Most production code is written without its performance being a goal, using “typical” coding patterns for different languages. These patterns tend to be exemplified in articles, official documentation and tutorials. Typical code allows you to get things done rapidly by making use of powerful and flexible language features and APIs. However, typical code is not always the fastest code.

There is one rule of thumb that I have found widely applicable for massive performance gains: get rid of memory allocation!

This is beneficial not only because memory allocation or garbage collection are inherently slow (compared to not doing either) but also because when transforming code to allocate less memory we are often forced to transform the code to a shape that is more efficient for other reasons such as reducing indirection in memory accesses, enabling more compiler optimizations and keeping buffers small and in the CPU cache.
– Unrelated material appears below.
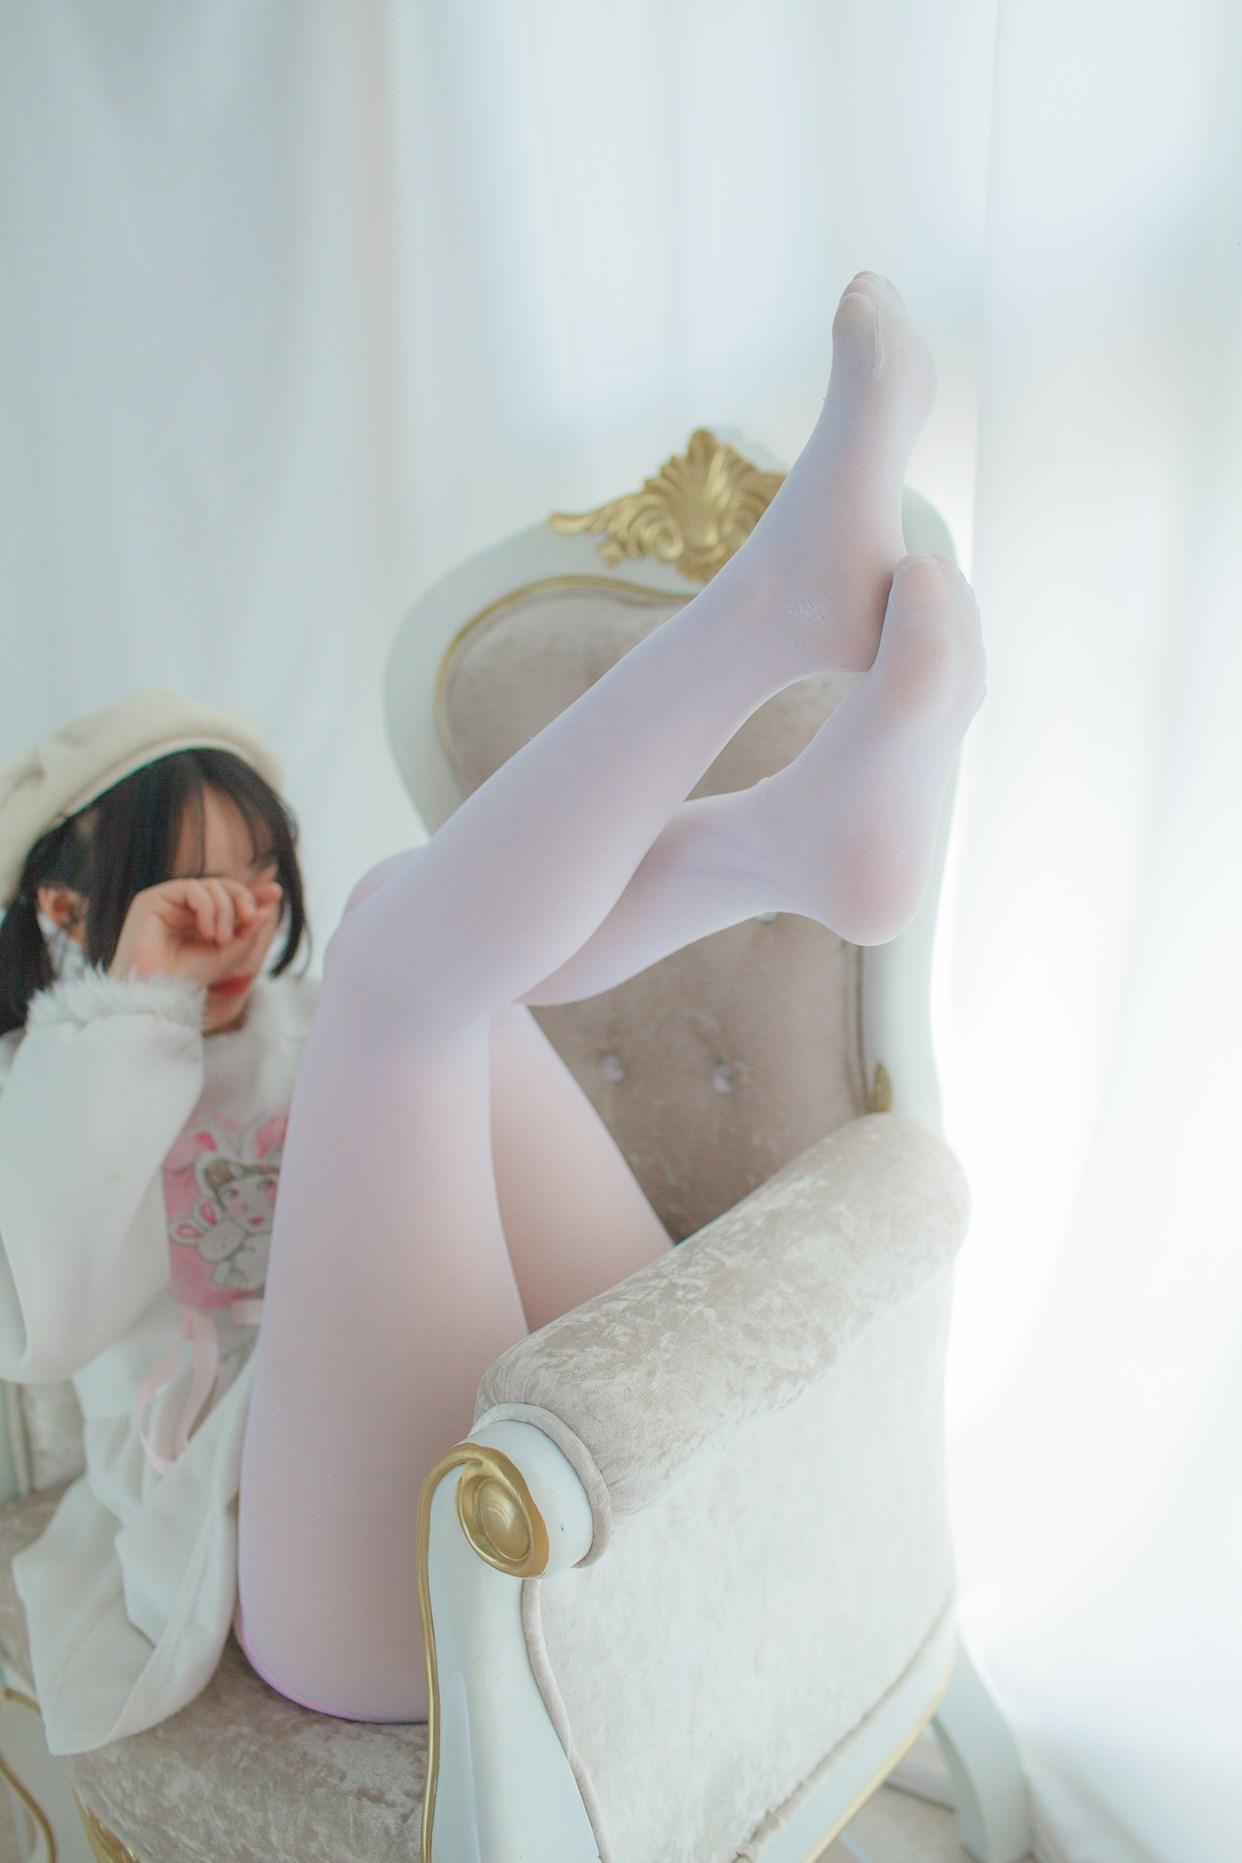 【兔玩映画】激萌小萝莉 兔玩映画 第28张
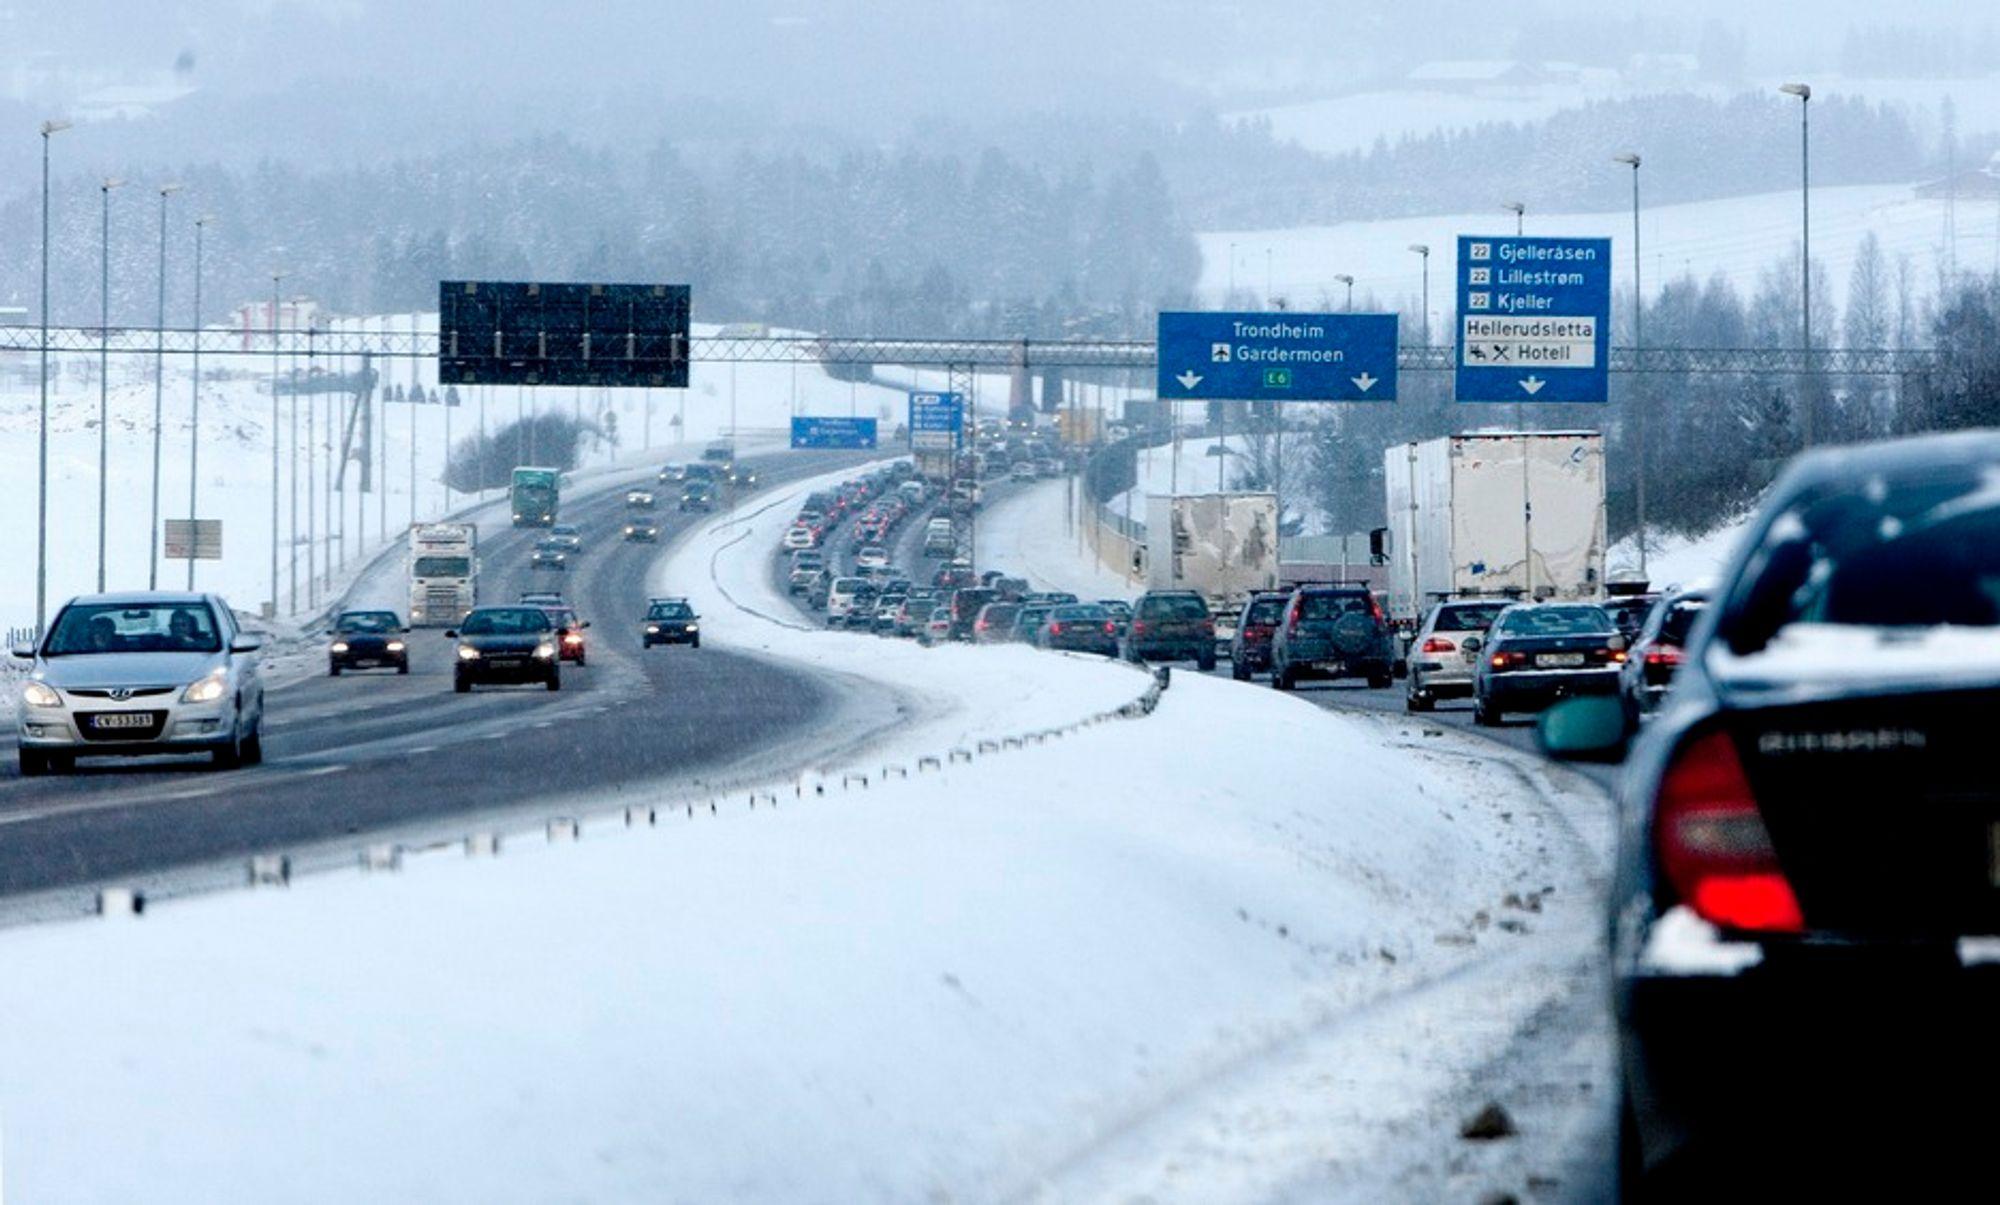 LAVERE TRAFIKKVEKST: Veitrafikken økte i fjor med 1,1 prosent i forhold til året før, men både i 2009 og 2010 har trafikkveksten vært lavere enn de foregående årene, ifølge Statens vegvesen.

Often this requires us to step outside “typical” coding patterns.

In this article I will share a simple step by step example of how we can take a naively written C# function and greatly improve its performance by reducing how much memory it allocates. C# was chosen because its toolchain offers excellent benchmarking and memory analysis capabilities – I have successfully applied this technique to C++ and Rust code with similar results.

Scenario

An asynchronous function receives the 1000 first digits of Pi and outputs a censored version, where digits are replaced with ‘*’ if they are smaller than the previous digit, ignoring the starting “3”. The output is written to a Stream as UTF-8 bytes.

Example input: 3.1415926535897932384626433
Example output: 3.14*59*6**589*9**38*6*6**3

Typical C# implementation

This function implements the above scenario. It is written in typical C# style such as you might find in online tutorials and official documentation examples, using common string manipulation operations and LINQ data transformations.

public static async Task<int> WriteCensoredDigitsOfPiAsUtf8BytesAsync(
  string π, Stream output, CancellationToken cancel)
{
    var components = π.Split('.');

    var prefix = components[0];
    var suffix = components[1];

    var censoredNumberCount = 0;
    char previous = '0';

    var censoredSuffixChars = suffix.Select(c =>
    {
        var isSmallerThanPrevious = c < previous;
        previous = c;

        if (isSmallerThanPrevious)
        {
            censoredNumberCount++;
            return '*';
        }

        return c;
    }).ToArray();

    var result = $"{prefix}.{new string(censoredSuffixChars)}";
    await output.WriteAsync(Encoding.UTF8.GetBytes(result), cancel);

    return censoredNumberCount;
}

How much memory is allocated?

Go ahead and try count each memory allocation in the above code. How many objects are allocated?

Reveal answer

The typical implementation allocates 13 objects on every call, and 1 additional object if the call to WriteAsync() needs to complete asynchronously.

The memory allocations are:

The Task<int> that is ultimately returned by the function.
The string[] returned by π.Split().
The first string returned by π.Split(), containing the characters before the dot.
The second string returned by π.Split(), containing the characters after the dot.
The char[] returned by suffix.Select().ToArray(), containing the censored characters.
The closure used by the .Select() lambda expression to capture the censoredNumberCount and previous variables.
The delegate used to pass the lambda expression to Select().
A char[][] used internally by the Select().ToArray() chain.
An iterator used internally by the Select().ToArray() chain.
The char-enumerator used by the Select().ToArray() chain to obtain all the characters.
A temporary string to transform the censored characters into a string.
The result string with the final form of the censored Pi.
The byte[] with the UTF-8 bytes of the result string.
(Only if WriteAsync() completes asynchronously) A state machine box used to later continue the asynchronous function.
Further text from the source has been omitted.